> [EXERCISE REQUIREMENTS]: All of the data, word for word and free of pictures, is the expected result.

> [MATERIAL PROVIDED]:
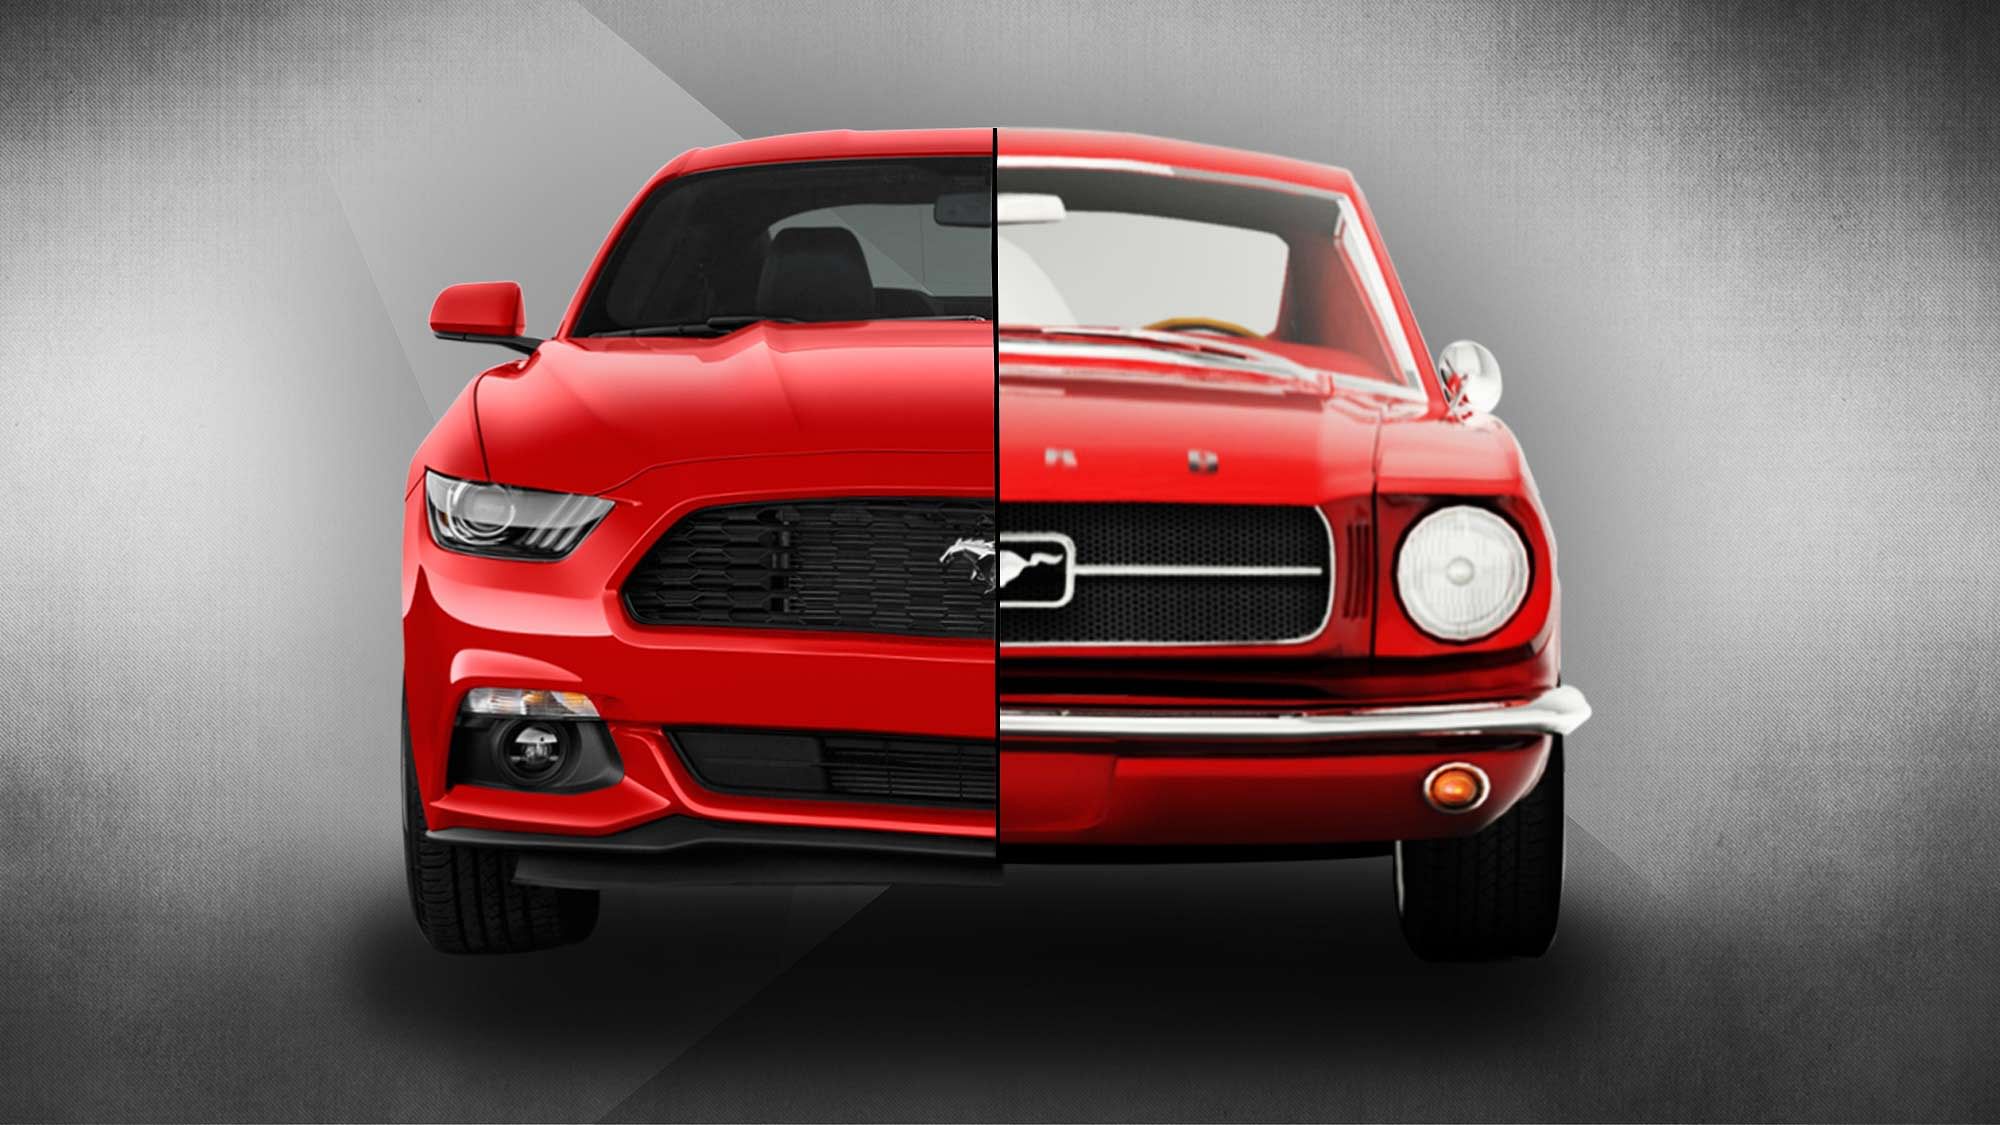 The 2015 Ford Mustang on the left and the 1964 Mustang on the right. (Photo: <b>The Quint</b>)
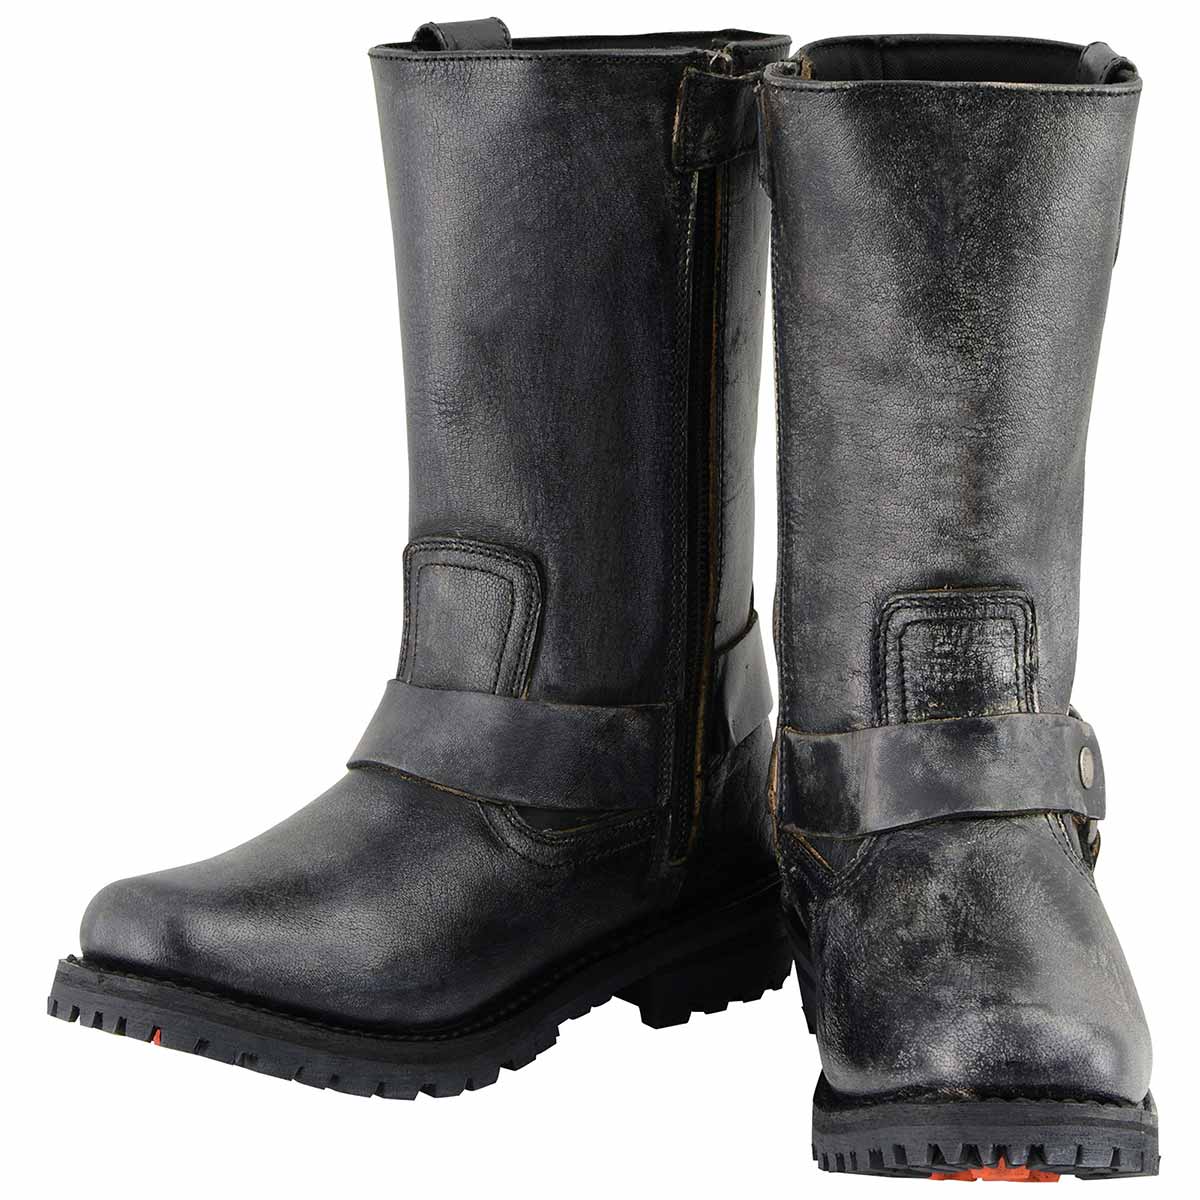 Men's Distressed Gray Leather 11-inch Classic Harness Square Toe Motorcycle Boots
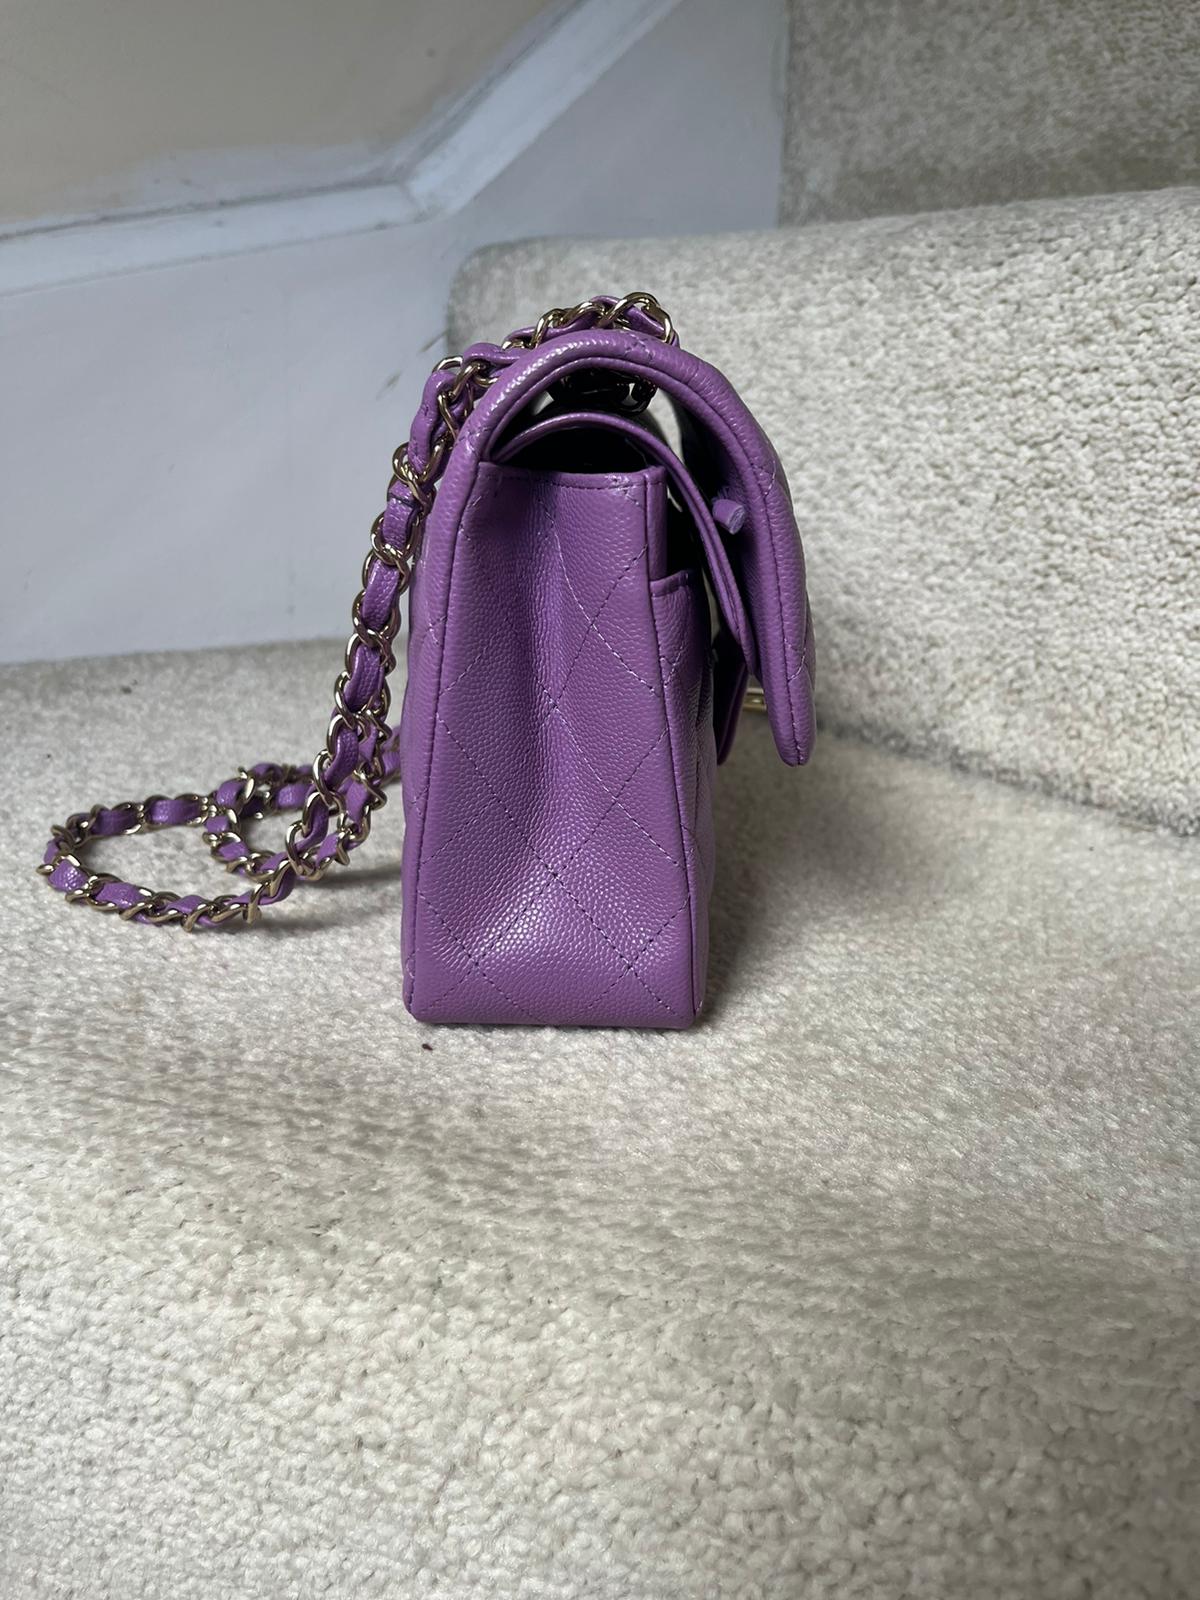 Shoulder bags Archives - Luxury consignment shop online Amsterdam

> [TASK SOLUTION]:
 The 2015 Ford Mustang on the left and the 1964 Mustang on the right. (Photo: <b>The Quint</b>)
 Men's Distressed Gray Leather 11-inch Classic Harness Square Toe Motorcycle Boots
 Shoulder bags Archives - Luxury consignment shop online Amsterdam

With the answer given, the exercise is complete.